Dividends declined in Q3: UK dividend payouts fell at a headline rate of 8.3% during the third quarter, according to Computershare’s Dividend Monitor , undermined by lower payments from the mining sector and smaller special dividends. On an underlying basis, dividends rose by 2.4%. Dividends from the utilities, banking, energy, and media sectors grew strongly.

Credit conditions take a toll: EY-Parthenon  reported a total of 76 profit warnings from UK-listed companies during the third quarter. Although this represented an annualised fall of 12%, it was still 18% above the third-quarter average. As pressures on costs and supply chains eased, companies cited the impact of deteriorating credit conditions as the primary cause of warnings.

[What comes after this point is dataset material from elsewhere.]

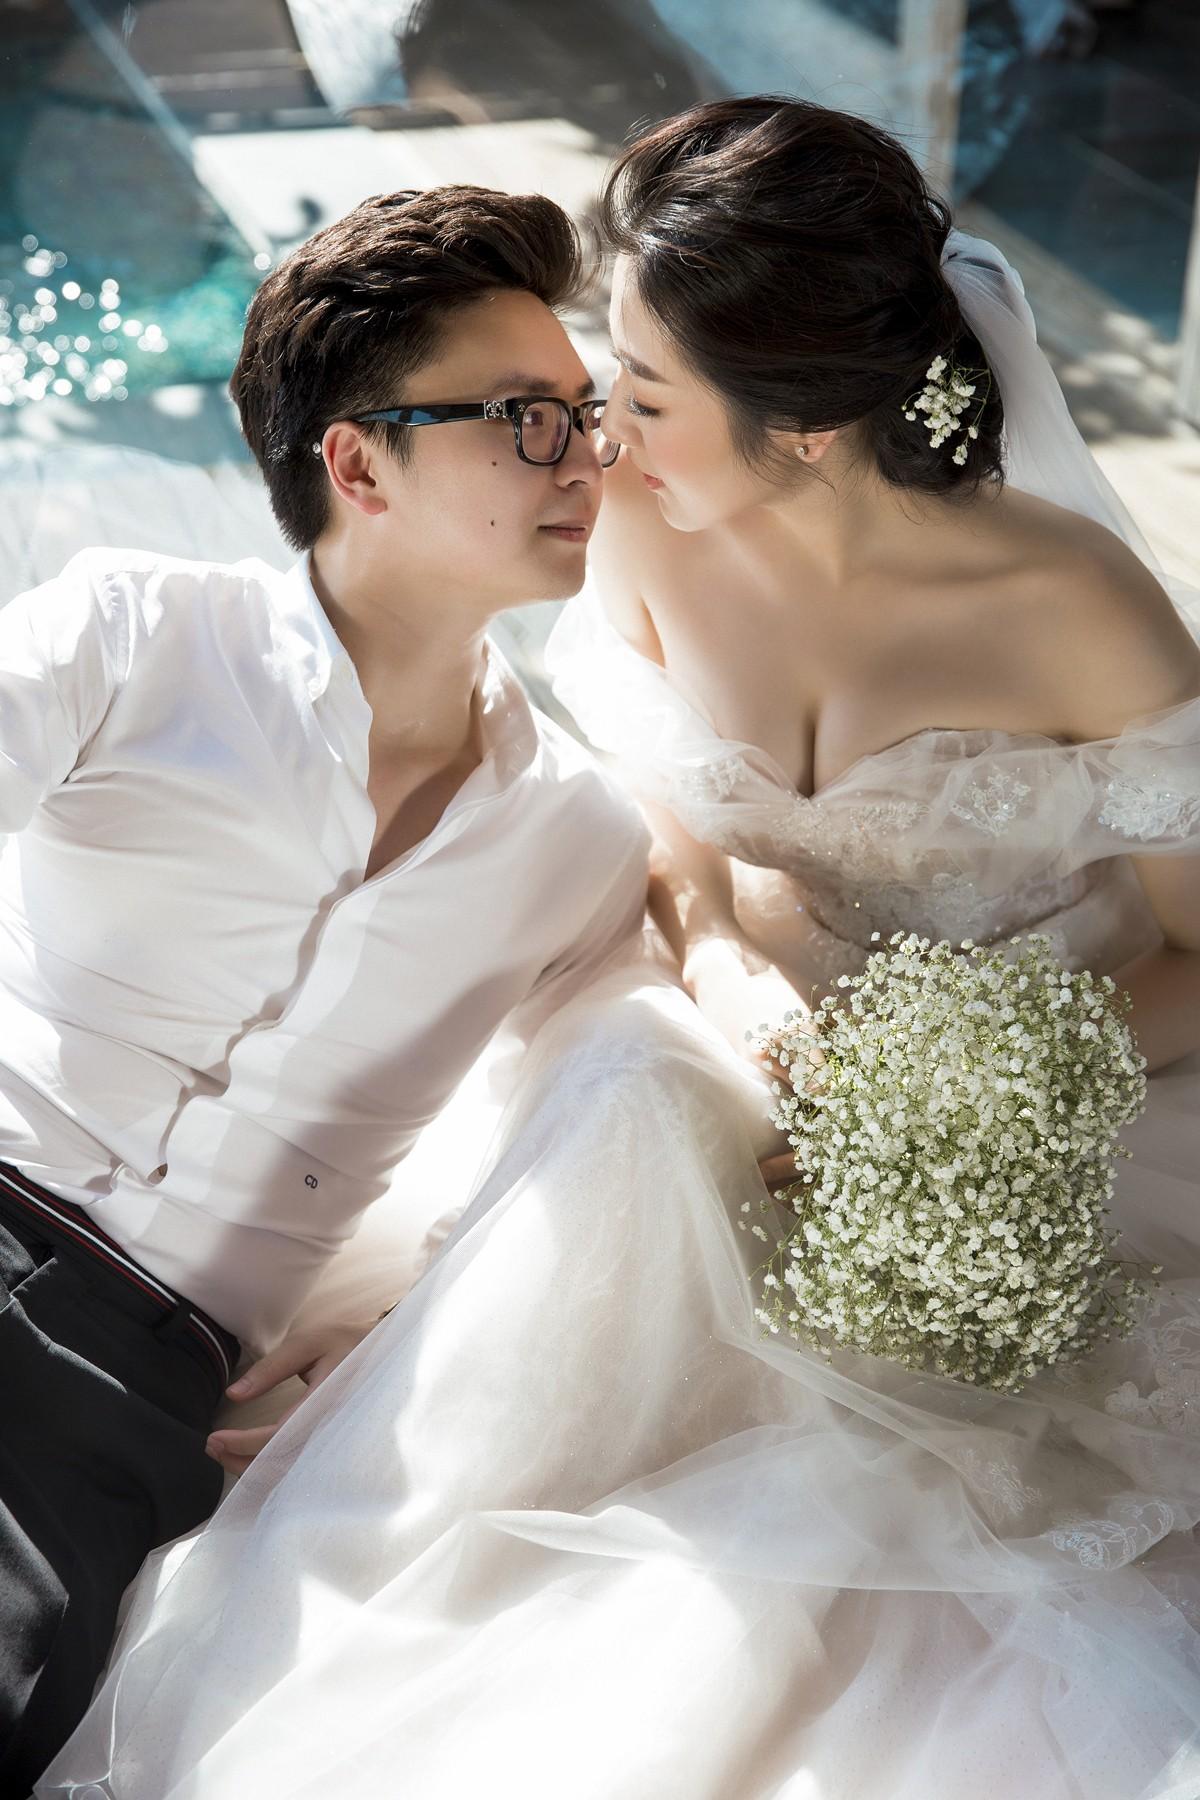 Trước ngày cưới 2 ngày, Á hậu Tú Anh khoe loạt ảnh cưới sang chảnh ngoài biển - Ảnh 10.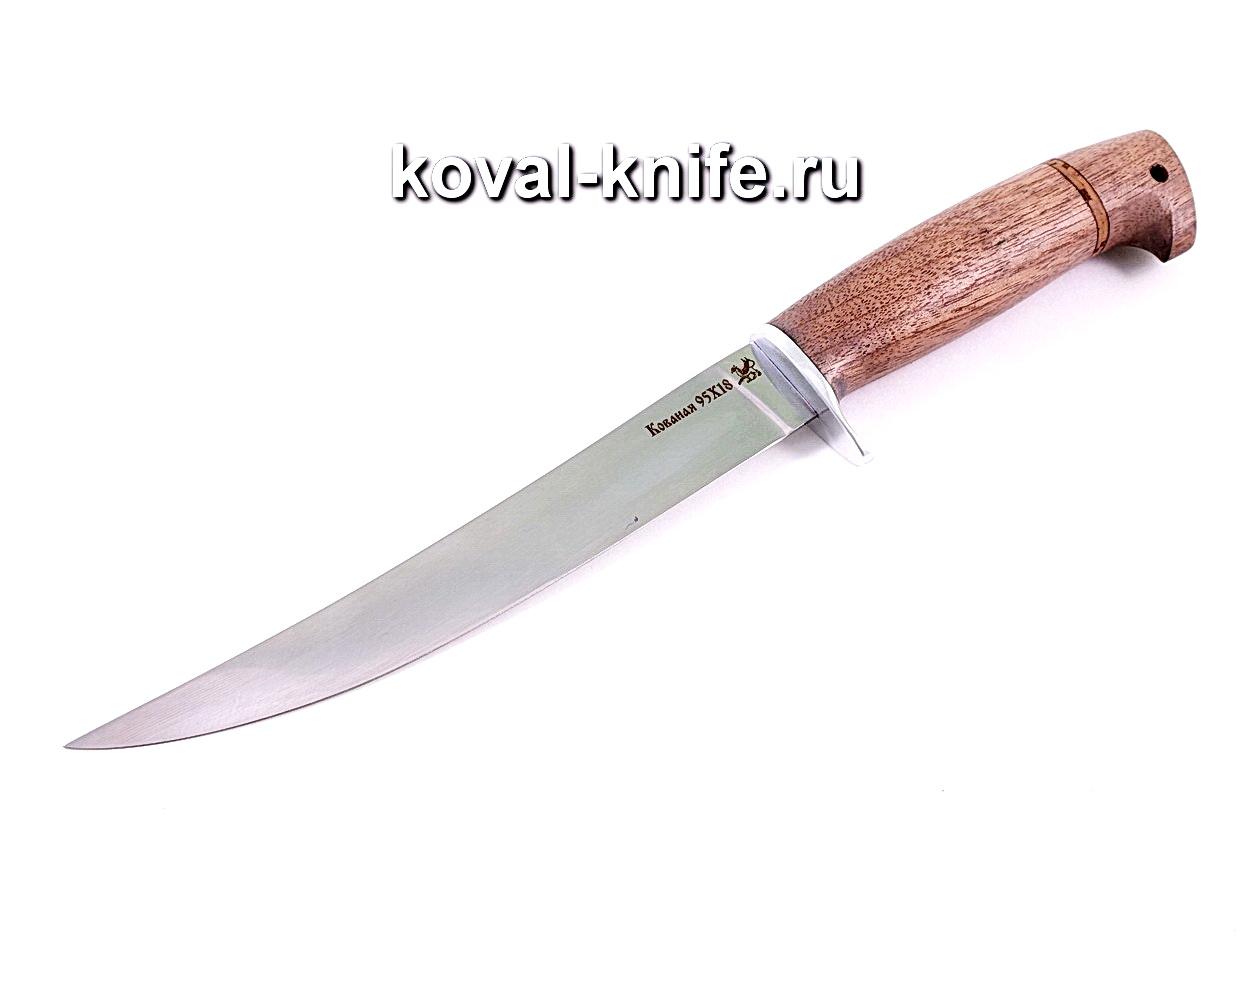 Нож Филейный (сталь 95х18), рукоять орех A137

“Uncharted waters”: equity and bond prices fell during October as investors’ appetite for risk was blunted by geopolitical tensions and economic uncertainties. The World Bank  warned that the Israel-Gaza war could “push global commodity markets into uncharted waters”, flagging the possibility that oil prices could rise above US$150 per barrel if the conflict continues to escalate. The price of Brent Crude oil  rose above US$93 per barrel in October in response to the crisis. Meanwhile, the price of gold , which tends to rise during periods of instability, breached US$2,000 per ounce. Elsewhere, the VIX Index  – which tracks expectations of future volatility – reached its highest level since March during October.

Default risk on the rise: the International Monetary Fund (IMF)  warned that the risk of defaults from corporate and household borrowers has intensified, exacerbated by higher borrowing costs. The IMF forecast global economic growth of 3% this year and 2.9% next year, commenting  : “Growth remains slow and uneven ... The global economy is limping along, not sprinting”.

Higher for longer: Strong economic data  from the US fuelled expectations that interest rates are set to remain “higher for longer”, exacerbating the sell-off in bonds. The yield on the ten-year US Treasury bond  breached 5% for the first time since 2007, while the 30-year US Treasury bond  yield ended October at 5.08%. Having grown by 2.1% in the second quarter of 2023, the US economy  expanded by 4.9% during the third quarter. Meanwhile, inflation  remained unchanged at 3.7% year on year during September, confounding widespread expectations of a decline, although core inflation – which strips out volatile factors like energy and food – eased from 4.3%  to 4.1%. The Dow Jones Industrial Average Index  fell by 1.4% in October.

ECB holds rates: inflationary pressures in the eurozone appear to be easing as the eurozone’s annualised rate of consumer price inflation  dropped from 4.3% in September to 2.9% in October. The European Central Bank  left its key interest rate unchanged at 4% following a series of tightening measures. The eurozone’s economy  contracted by 0.1% in the third quarter, stoking speculation over the possibility of recession. Nevertheless, optimism about the outlook for German businesses improved slightly during October, according to the Ifo Institute , although companies remained pessimistic about their current situation.